While this study focuses on pet-related vertical e-commerce, the machine learning-based approaches and developed insights can be extended to a wider range of vertical e-commerce sectors, such as fashion, electronics, and grocery, where customer loyalty plays a crucial role. For example, a predictive model used to anticipate customer purchasing behavior in the pet-related vertical sector could be applied to fashion e-commerce by swapping pet-related features for clothes-related features and inserting additional features that reflect seasonal trends.
Many of the factors identified, such as post-purchase engagement, product variety, and delivery related information, are applicable across a wide variety of sectors related to repeat purchases. By drawing common factors between pet-related vertical e-commerce and other broader sectors and utilizing the sector’s unique distinctive factors, we can apply our machine learning approaches and insights to other e-commerce industries to improve customer retention and to develop long-term loyalty strategies tailored to different customer bases.

5. Conclusions

5.1. Implications of the Study

While attracting new customers is crucial for business success, retaining existing customers is essential. Loyal customers, in particular, hold immense significance for companies as they provide steadfast support and express positive opinions about products and services. Loyal customers not only continue to purchase or repurchase existing offerings but also serve as advocates, introducing them to others in their network. Moreover, their impact and significance have grown exponentially with the proliferation of social network services driven by technological advancements. Consequently, fostering customer loyalty, both among new and existing customers, has become a key aspect of customer management for companies.
In this research, we investigated the factors influencing the formation of loyal customers in the pet-related industry vertical e-commerce sector in the Republic of Korea using machine learning techniques.

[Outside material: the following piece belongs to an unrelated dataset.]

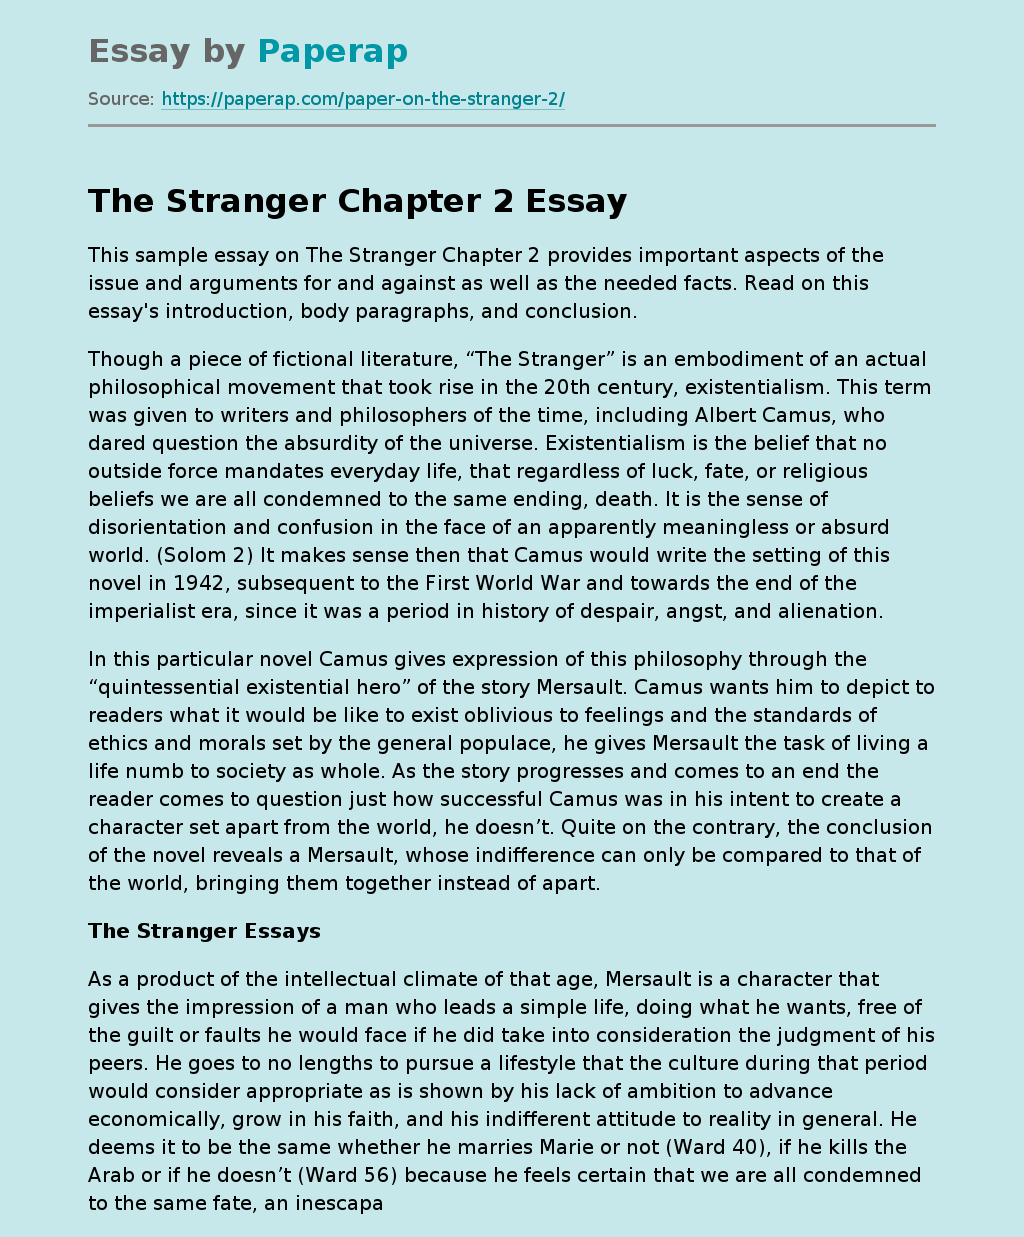 "The Stranger" Chapter 2

We were able to enhance the efficiency of analysis in terms of both time and financial resources by harnessing the power of machine learning while uncovering potential key elements that may have been overlooked by traditional marketers or domain experts. In this study, various machine learning models, including logistic regression analysis, decision tree, support vector machine, random forest, and XGBoost, were employed, yielding outstanding performance. Following a comparative analysis of various models, XGBoost demonstrated the highest predictive performance, enabling the identification of the primary factors influencing customer loyalty.
The findings of this research indicated that customers demonstrating balanced purchasing patterns across weekends and weekdays exhibited higher levels of loyalty. Furthermore, customers who engaged with mobile push notifications also demonstrated notable loyalty. In addition, the higher the discount rate of the coupon provided at the third purchase, the more likely it was for a customer to be converted into a loyal customer. Moreover, customers who actively wrote product reviews were also more likely to become loyal customers. These findings offer valuable insights for companies seeking to develop effective customer retention strategies within the pet e-commerce industry. The findings suggest that a customized marketing strategy, tailored to customers’ actual purchasing patterns and behaviors, would be more effective than a simple promotion. It is also recommended that companies devise marketing strategies and promotions to increase the relevant indicators for both new and existing non-loyal customers. Based on the results of this study, marketing strategies that can be practically applied by companies can be proposed.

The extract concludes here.